Another surprising moment during the event is when the pope called out directly to Sister Norma Pimentel, the executive director of Catholic Charities of the Rio Grande Valley. Sister Pimentel runs a welcome center at Sacred Heart Church in response to the surge of immigrants being released by the U.S. border patrol. More than 23,000 immigrants have passed through the center.
The Holy Father singled Pimentel out in the audience and called her to the front.
“I want to thank you, and through you to thank all the sisters of religious orders in the U.S. for the work that you have done and that you do in the United States," the pope said. "It's great. I congratulate you. Be courageous. Move forward. Take the lead, always. I'll tell you one other thing. Is it inappropriate for the Pope to say this? I love you all very much."

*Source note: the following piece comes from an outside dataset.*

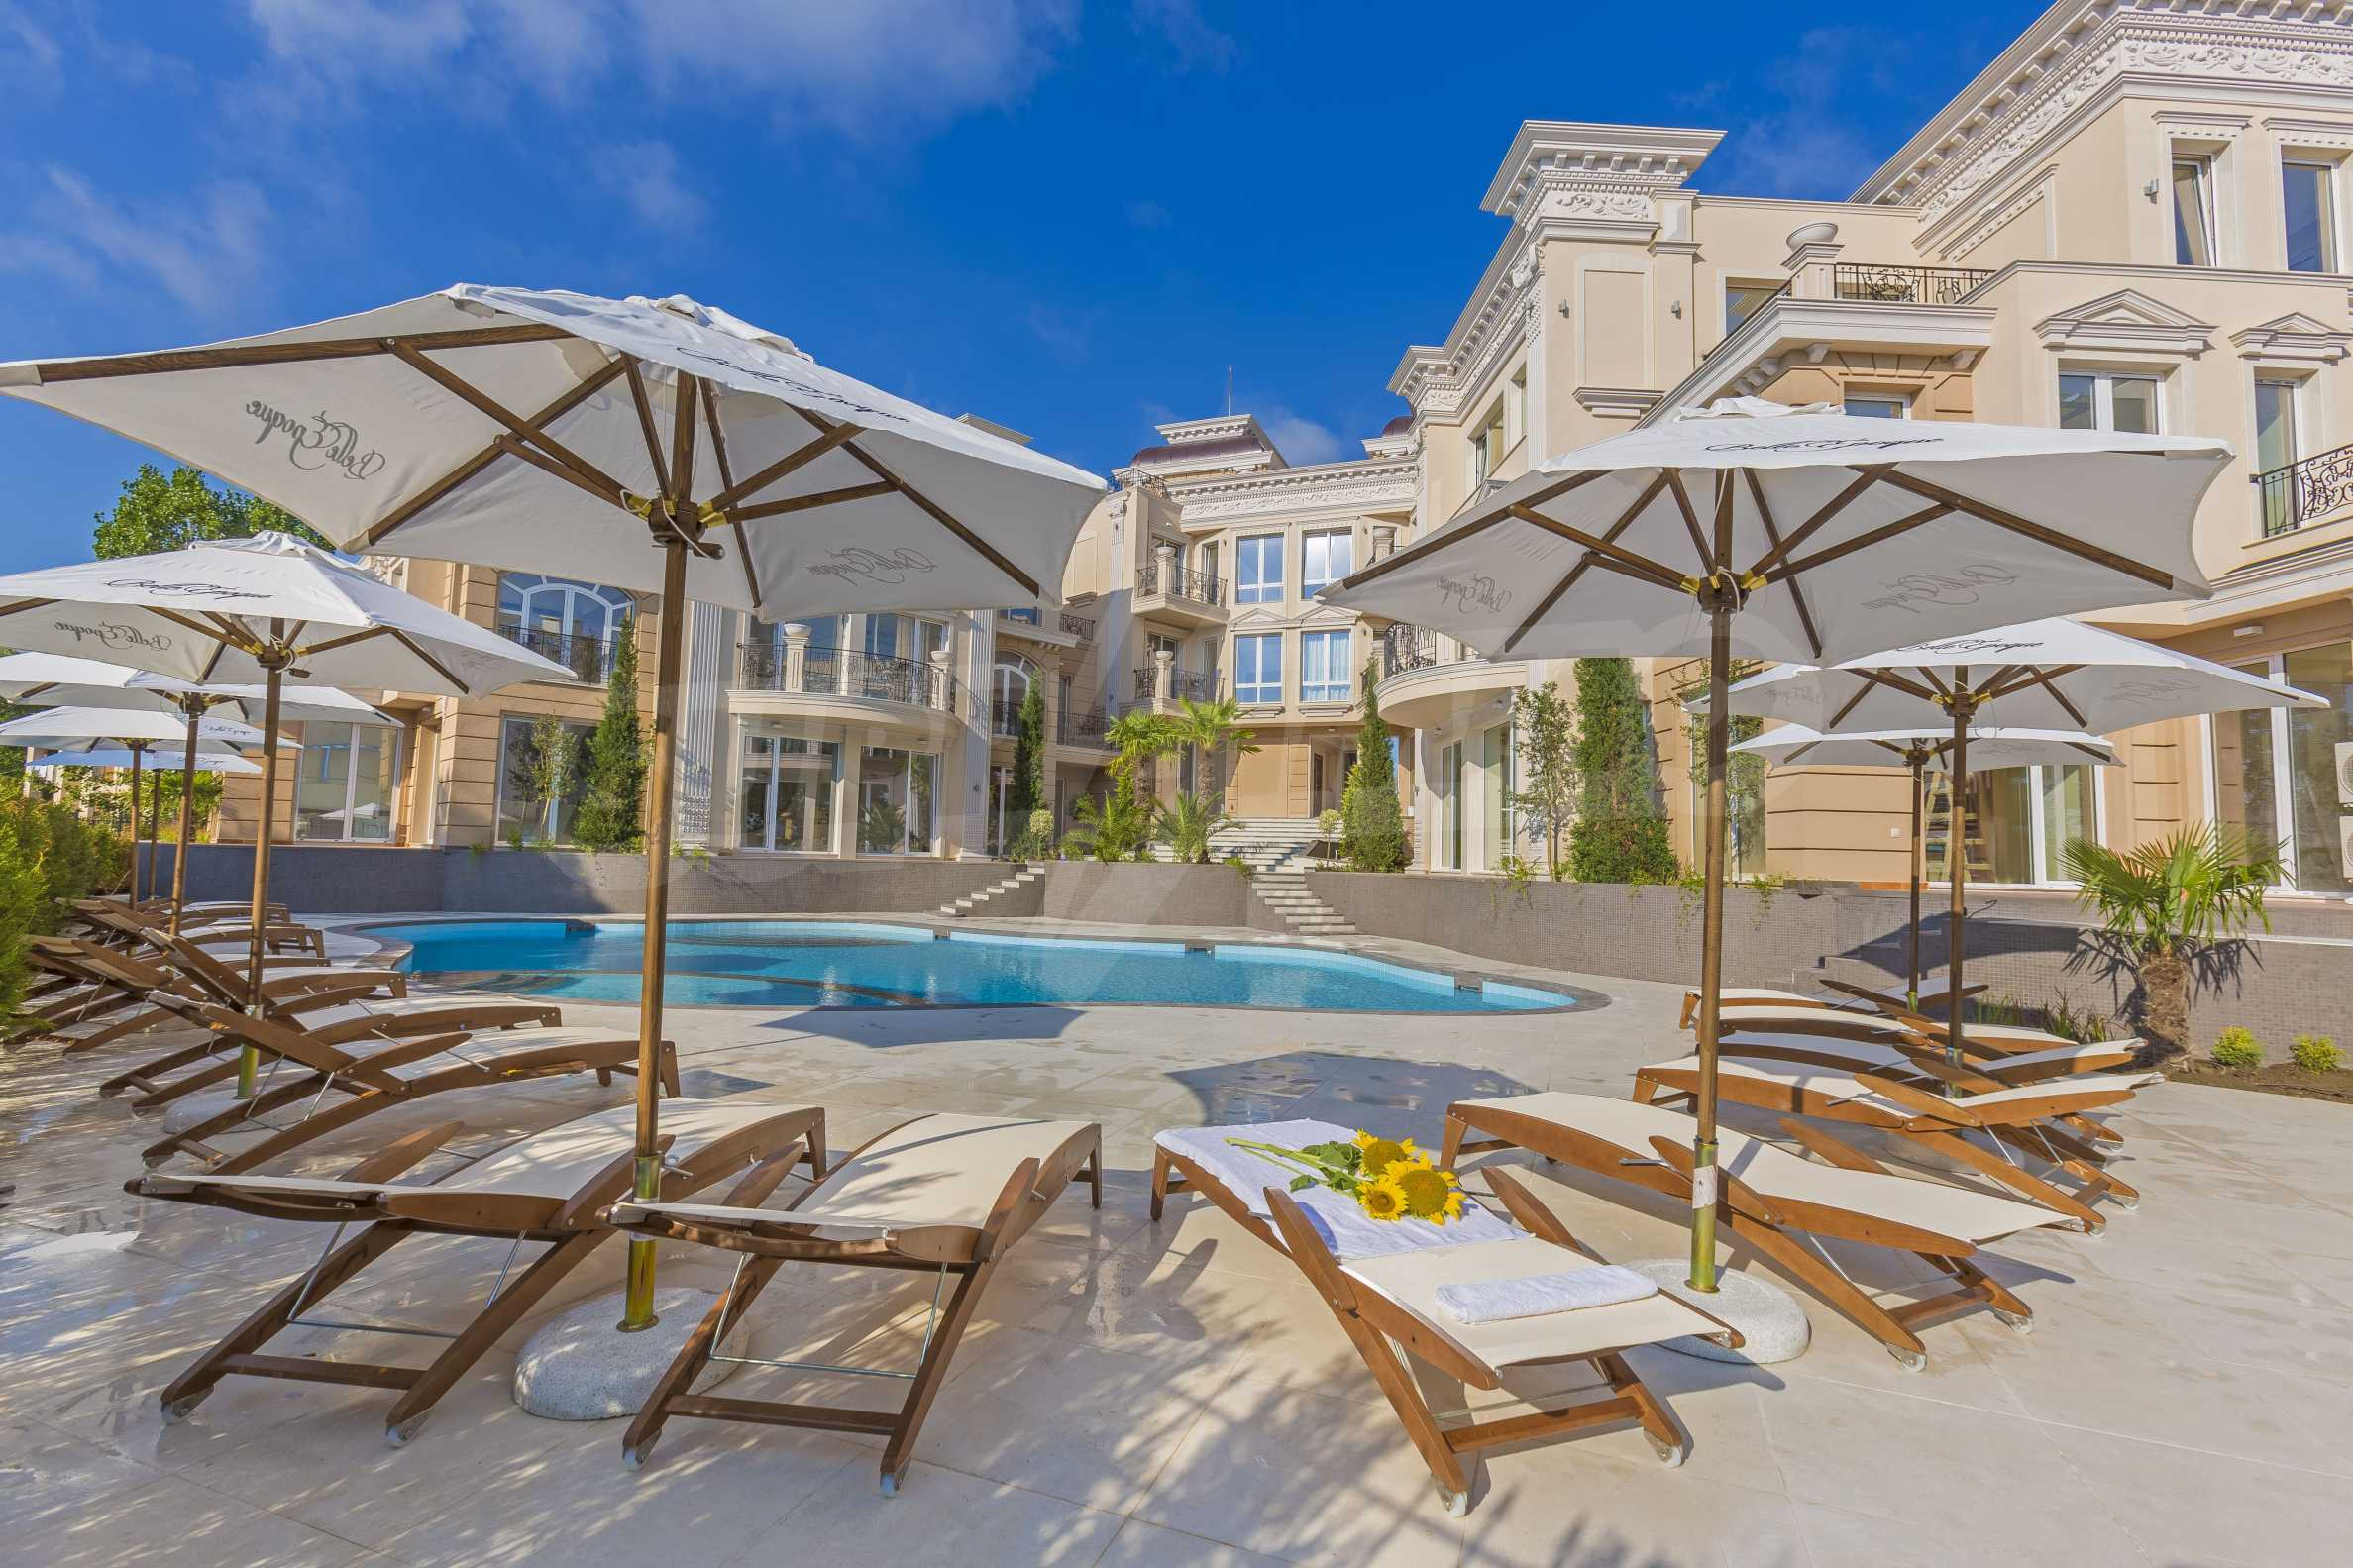 Дизайнерски тристаен апартамент под наем за летен сезон в резиденция Belle Époque в Лозенец 39

The virtual audience was conducted ahead of Pope Francis' upcoming visit to the United States, when he will travel to Washington, D.C., New York City and Philadelphia from Sept. 22 to Sept. 27.
When Marcus Alston, a 19-year-old who had lived on the streets of Los Angeles and on Monday was staying at Covenant House, asked the pope why his upcoming trip to the US was important, the Pontiff said he wanted to connect to Americans.
“There’s something very important for me, which is closeness,” Francis said. “For me it's difficult not to be close to people. When I approach people, as I'm going to do with you, it's easier for me to understand them and help them along life's path. That's why this trip is so important, for me to draw close to your path and your history.”